因子分析是一种广泛使用的概率模型，用于识别多元数据中的低秩结构，这些结构编码在潜在变量中。它与主成分分析非常密切相关，区别仅在于对这些潜在变量假设的先验分布。它也是一个线性高斯模型的良好示例，因为它可以完全描述为底层高斯变量的线性变换。有关因子分析与其他模型关系的概述，您可以查看此图，该图最初由Ghahramani和Roweis发表。

注意

本笔记本使用了不是 PyMC 依赖项的库，因此需要专门安装这些库才能运行此笔记本。打开下面的下拉菜单以获取更多指导。

import arviz as az
import numpy as np
import pymc as pm
import pytensor.tensor as pt
import scipy as sp
import seaborn as sns
import xarray as xr

from matplotlib import pyplot as plt
from matplotlib.lines import Line2D
from numpy.random import default_rng
from xarray_einstats import linalg
from xarray_einstats.stats import XrContinuousRV

print(f"Running on PyMC v{pm.__version__}")

Running on PyMC v5.10.2

%config InlineBackend.figure_format = 'retina'
az.style.use("arviz-darkgrid")

np.set_printoptions(precision=3, suppress=True)
RANDOM_SEED = 31415
rng = default_rng(RANDOM_SEED)

模拟数据生成#

为了通过几个示例进行操作，我们首先生成一些数据。这些数据不会遵循因子分析模型所假设的生成过程，因为潜在变量不会是高斯分布的。我们将假设我们有一个具有\(N\)行和\(d\)列的观测数据集，这些列实际上是\(k_{true}\)潜在变量的噪声线性函数。

n = 250
k_true = 4
d = 10

下一个代码单元通过创建潜在变量数组 M 和线性变换 Q 来生成数据。然后，矩阵乘积 \(QM\) 通过由方差参数 err_sd 控制的加性高斯噪声进行扰动。

err_sd = 2
M = rng.binomial(1, 0.25, size=(k_true, n))
Q = np.hstack([rng.exponential(2 * k_true - k, size=(d, 1)) for k in range(k_true)]) * rng.binomial(
    1, 0.75, size=(d, k_true)
)
Y = np.round(1000 * Q @ M + rng.standard_normal(size=(d, n)) * err_sd) / 1000

由于我们生成数据的方式，表示\(Y\)列之间相关性的协方差矩阵将等于\(QQ^T\)。PCA和因子分析的基本假设是\(QQ^T\)不是满秩的。如果我们绘制协方差矩阵，我们可以看到这一点的暗示：

plt.figure(figsize=(4, 3))
sns.heatmap(np.corrcoef(Y));

../_images/d3902baec3a16548e994f270bd575d058f63b0919d3aad6bc4b5ab68e650e06d.png

如果你眯着眼睛看足够久，你可能会发现一些地方，其中不同的列很可能是彼此的线性函数。

模型#

概率PCA（PPCA）和因子分析（FA）是PyMC论坛上常见的话题。下面链接的帖子处理了问题的不同方面，包括：

直接实现#

因子分析的模型是概率矩阵分解

\(X_{(d,n)}|W_{(d,k)}, F_{(k,n)} \sim \mathcal{N}(WF, \Psi)\)

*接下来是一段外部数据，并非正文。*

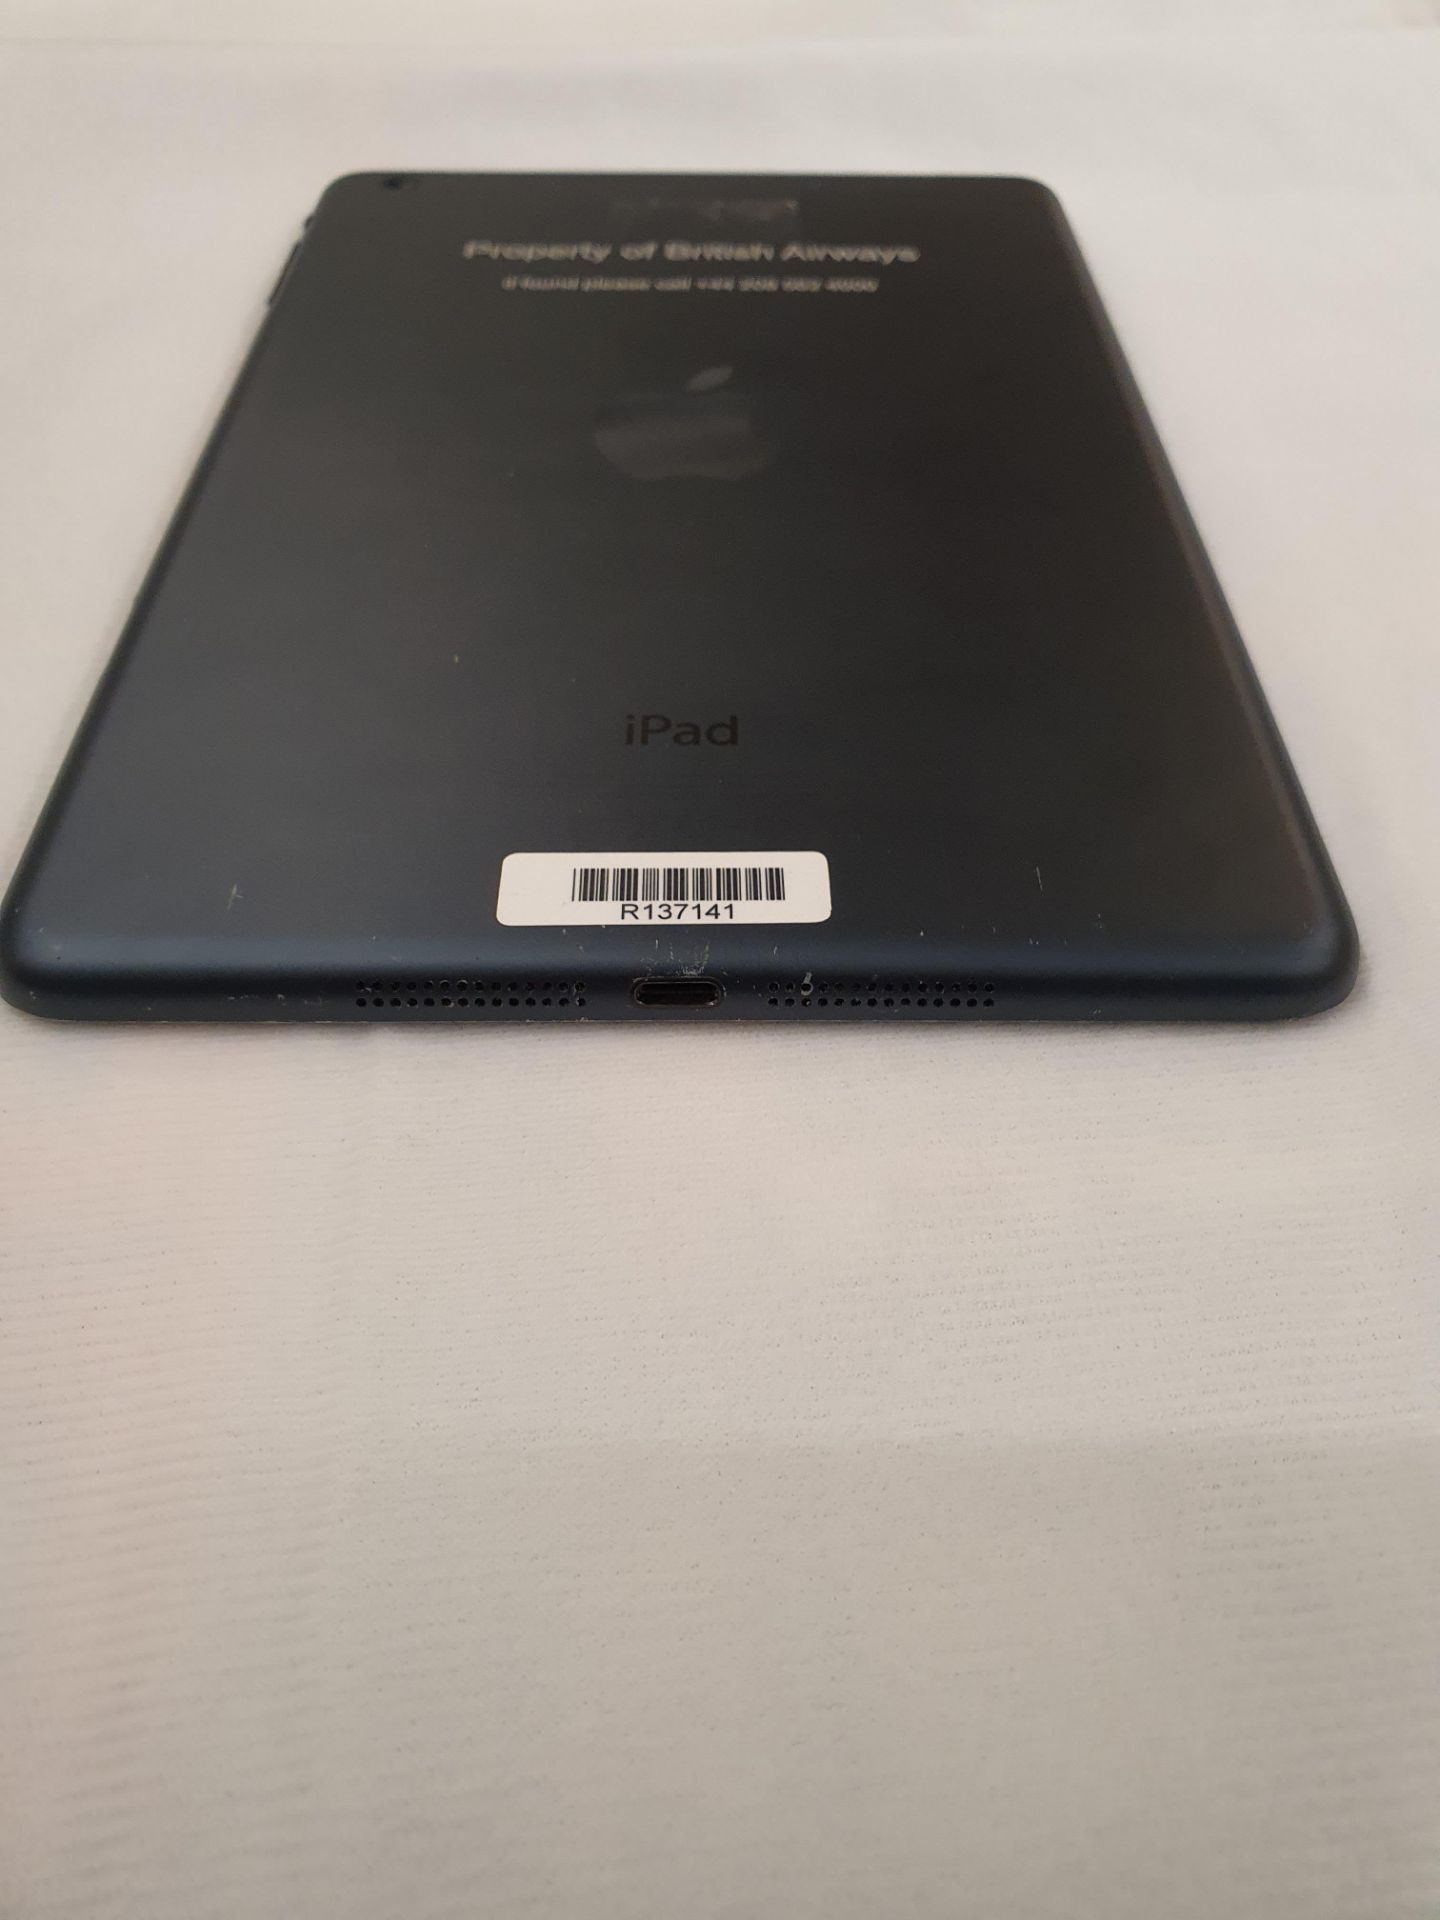 V Grade B Apple iPad Mini A1455 - Ex Lease (Has British Airways Engraving/Etching) - 16GB - Unit - Image 7 of 7

其中 \(\Psi\) 是一个对角矩阵。下标表示矩阵的维度。概率PCA是一种变体，它设定 \(\Psi = \sigma^2 I\)。一个基本的实现（取自这个gist）显示在下一个单元格中。不幸的是，它具有不适合模型拟合的不良特性。

k = 2

coords = {"latent_columns": np.arange(k), "rows": np.arange(n), "observed_columns": np.arange(d)}

with pm.Model(coords=coords) as PPCA:
    W = pm.Normal("W", dims=("observed_columns", "latent_columns"))
    F = pm.Normal("F", dims=("latent_columns", "rows"))
    sigma = pm.HalfNormal("sigma", 1.0)
    X = pm.Normal("X", mu=W @ F, sigma=sigma, observed=Y, dims=("observed_columns", "rows"))

    trace = pm.sample(tune=2000, random_seed=rng)  # target_accept=0.9

Auto-assigning NUTS sampler...
Initializing NUTS using jitter+adapt_diag...
Multiprocess sampling (4 chains in 4 jobs)
NUTS: [W, F, sigma]

100.00% [12000/12000 00:29<00:00 Sampling 4 chains, 0 divergences]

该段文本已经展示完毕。